Na ponta da minha língua
Sinto-me paralisado.
Sete palmos de terra sobre mim. Peso-os na ponta da minha língua.
Bato ao de leve no caixão. Ninguém me ouve. Devo continuar?
Será isto um sonho? Uma alucinação?
Não é de admirar que alguém me tenha tomado por morto. Talvez até nem se tenham apressado a enterrar-me. Estas coisas demoram o seu tempo. Seguem os seus trâmites. Mas devia ter feito mais. Talvez pestanejado. Ou tossido. Tudo menos ficar ali parado, de olhos vidrados, sustendo a respiração. A princípio era um conforto, e depois perdi os sentidos, esqueci-me de mim. Talvez não acreditem, mas foi isto que aconteceu.
Parece-me tarde demais, mas será ainda possível que alguém, movido por mórbidos desejos, se lembre de me desenterrar? Só para confirmar que está tudo como devia ser e que, por um qualquer engano, não fui enterrado em vida. Devia haver um procedimento bem definido para estes casos. Não é bom deixarmos estes assuntos ao cuidado de cada um. Quem sabe o que aconteceria se fosse visitado por um desses ladrões de túmulos. Se não morresse de susto, aposto que regularizava rapidamente a minha situação e prosseguia com o seu trabalho.
É extremamente incómodo que eu próprio não possa por fim a este tormento. Terei que esperar pela fome e pela sede. Queira deus que não chova… Como será morrer de sede? Suponho que deve ser antecedido por uma qualquer espécie de demência. É o momento antes (imediatamente antes) dessa demência que eu temo. É desse momento, dessa pequena partícula de tempo, que todos temos medo.
O ar está corrompido. Sinto que o oxigénio é escasso, servido em pequenas porções. Por onde entrará? Já teria tempo de morrer sufocado. Ou talvez a minha perceção de tempo esteja alterada – na imobilidade tudo nos parece infinito. Por entre a terra há pequenos interstícios – não o suficiente para que a luz penetre. O próprio caixão não será inteiramente hermético. É preciso que a terra e os vermes façam o seu trabalho de decomposição.
A escuridão, essa, é completa. Quem me dera ter um fósforo. Já fumava um cigarro. Será noite ou dia? Alguém me pode dizer?
Estou esticado e é impossível virar-me. Não tenho espaço para me colocar de lado ou para chegar com as mãos até aos pés. Desembaracei-me dos sapatos. Desapertei a gravata e todos os botões que consegui. A imobilidade é dolorosa. Pressinto as escaras que se vão formando nas minhas costas, nádegas e calcanhares. O sangue a estagnar. As articulações, sobretudo os joelhos, doem-me.
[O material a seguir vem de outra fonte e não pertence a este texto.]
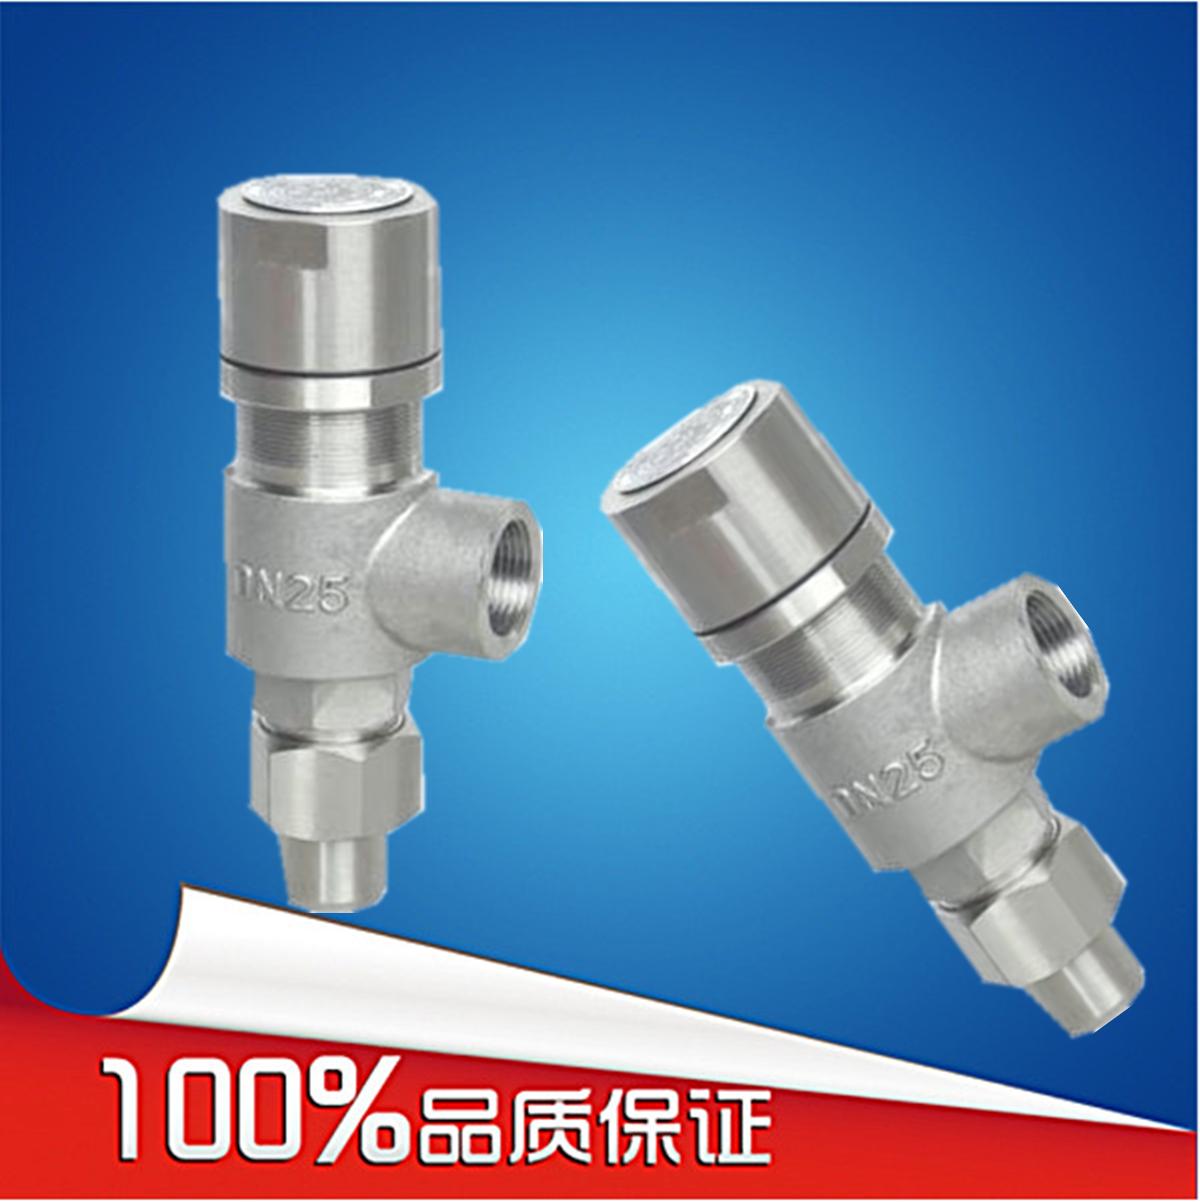 A21WFY-16P/25P304 van roestvrij staal in de lente van micro - veiligheidsklep A21H-16C/40CDN15

Oiço passos lá em cima. As botas de alguém moendo a areia debaixo dos pés. É quase impercetível. Gritei. Com todas as minhas forças, gritei. Se conseguia ouvir os seus passos talvez conseguissem ouvir os meus gritos. Não havia, porém, comparação possível entre a minha situação e a do visitante. Lá em cima há muito ruído. O vento, os pássaros, as cigarras, até os carros ao longe. As pessoas falam entre si. Mesmo a centenas de metros, numa atmosfera propícia, é possível ouvir um sussurro. Mas aqui debaixo tudo é abafado; o som não se propaga. O silêncio é tão completo que oiço o pulsar vagaroso do meu próprio coração. Oiço os passos novamente – afastam-se rapidamente. Será que vai chamar alguém?
Não. Não vale a pena alimentar esperanças infundadas. Interrogo-me sobre quem seria. Há muito tempo que não tenho amigos. A família morreu. Talvez esteja até melhor aqui debaixo. Dispensava apenas esta angústia de morte. Não há nada mais tenebroso do que a eminência da morte.
Esperem. Oiço-os escavar.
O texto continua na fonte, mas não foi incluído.